By default, type modiﬁors bind right to left.

特殊性质

特殊性质：多数情况下，编译器将数组名称视为第一个元素的指针；
```
string *p2 = nums; //equivalent to p2 = &nums[0]
```

数组的操作经常可以认为是指针的操作；

when we use an array as an initializer for a variable deﬁned using auto, the deduced type is a pointer, not an array.

int ia[] = {0,1,2,3,4,5,6,7,8,9}; // ia is an array of ten ints 
auto ia2(ia); // ia2 is an int * that points to the ﬁrst element in ia 
ia2 = 42; // error: ia2 is a pointer, and we can’t assign an int to a pointer

when we use decltype. The type returned by decltype(ia) is array of ten ints.

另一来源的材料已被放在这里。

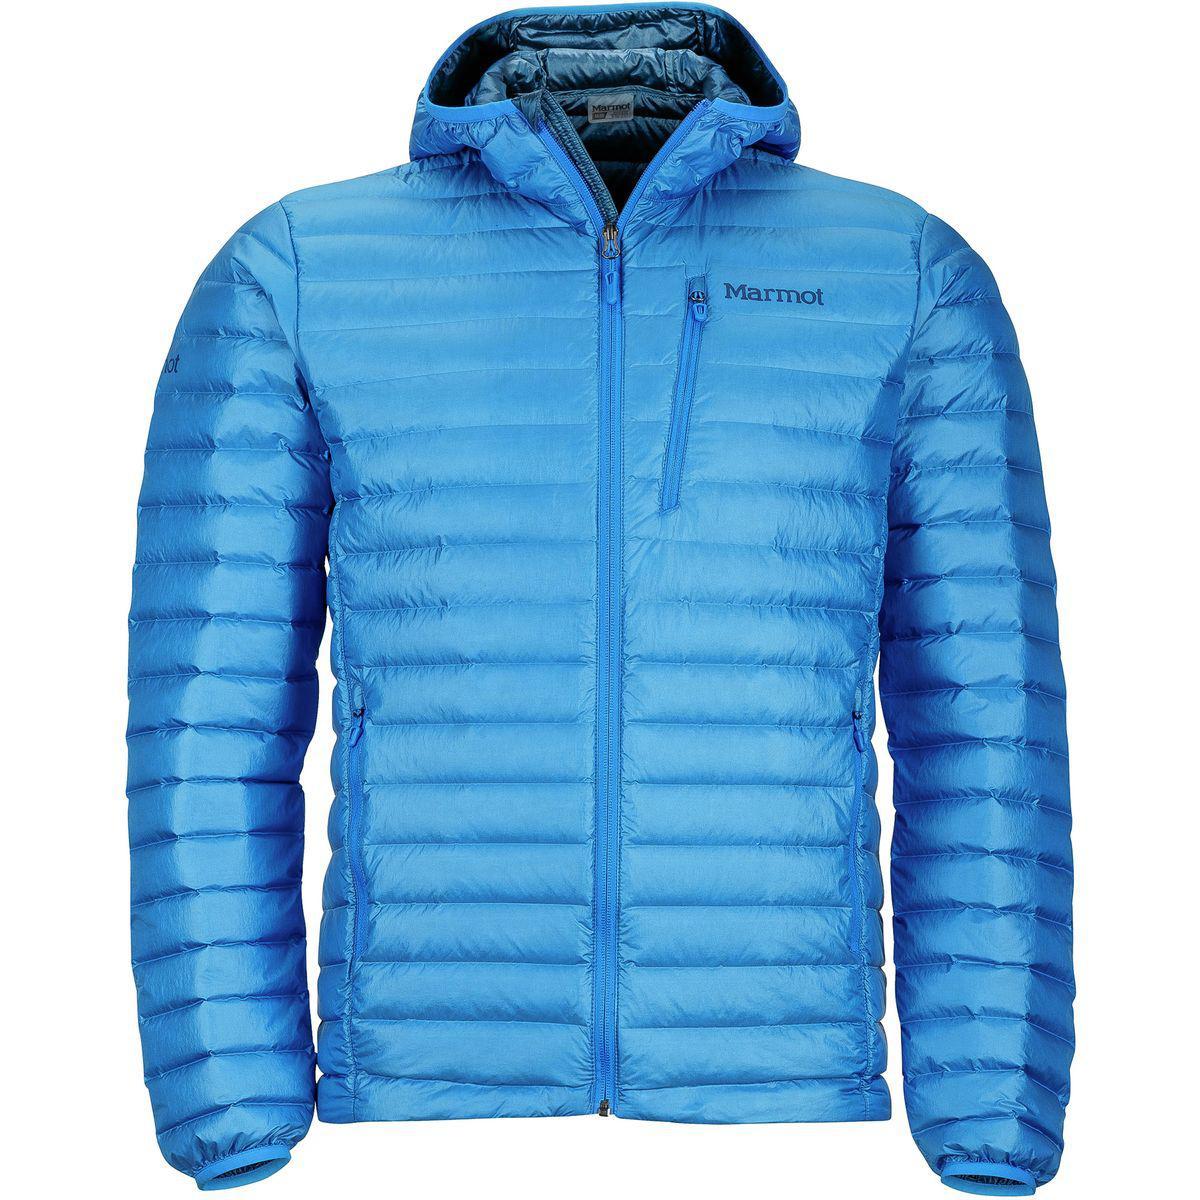 Lyst - Marmot Quasar Nova Hooded Down Jacket in Blue for Men 3d84ab0ee8a6

// ia3 is an array of ten ints 
decltype(ia) ia3 = {0,1,2,3,4,5,6,7,8,9}; 
ia3 = p; // error: can’t assign an int * to an array 
ia3[4] = i; // ok: assigns the value of i to an element in ia3

Pointers are Iterators

off-the-end pointer

前面提到数组的名字可以视为指向其中第一个元素的指针，因此可以通过对名称进行加减操作，来移动指向地址的位置，如下：

int arr[] = {0,1,2,3,4,5,6,7,8,9};
int *p = arr; // p points to the first element in arr 
++p; // p points to arr[1]

基于这种特性，可以使用point对array中的元素进行遍历。

int *e = &arr[10]; //pointer just past the last element in arr

for (int * b = arr; b != e; ++b) {
    cout << * b << endl; // print the elements in arr
}

其中，&arr[10]是4种有效的指针数据之一，在指针知识部分有说明, 这是一种off-the-end pointer, 非常易于出错。

begin & end

在c++11种提出，begin和end函数：

begin returns a pointer to the ﬁrst;
end returns a pointer one past the last element in the given array:
These functions are deﬁned in the iterator header.

使用如下：

int arr[] = {0,1,2,3,4,5,6,7,8,9};
int *pbeg = begin(arr);
int *pend = end(arr);

while(pbeg != pend) {
    cout << *pbeg << endl;
    pbeg++;
}

这种方法，本质上与off-the-end pointer的做法相同，end函数得到的还是末端之外的指针，但是不用显式操作指针计算，更加安全。

pointer算数运算

Pointers that address array elements can use all the iterator operations listed in the following tables.

pointer算数运算1

pointer算数运算2

几个典型的使用如下：

指针偏移形成新的指针；

int arr[5];
int *ip = arr; // equivalent to int * ip = &arr[0] 
int *ip2 = ip + 4; // ip2 points to arr[4]

// 注意：这两种写法，意义完全不同
int last = *(arr + 4); // == arr[4]
last = *arr + 4; // == arr[0] + 4

此时要保证，新的指针ip2必须指向ip所指向的数组，否则出错。

int *p3 = arr + 5; // 正确，但是使用*p3取数据出错，因为是off-the-end pointer
int *p4 = arr + 10; // 错误，超出范围

指针之间相减
```
auto n = end(arr) - begin(arr); //n is 5, the number of elements in arr
```
- The result of subtracting two pointers is a library type named ptrdiff_t.
- Like size_t, the ptrdiff_t type is a machine-speciﬁc type and is deﬁned in the cstddef header.
- ptrdiff_t is a signed integral type.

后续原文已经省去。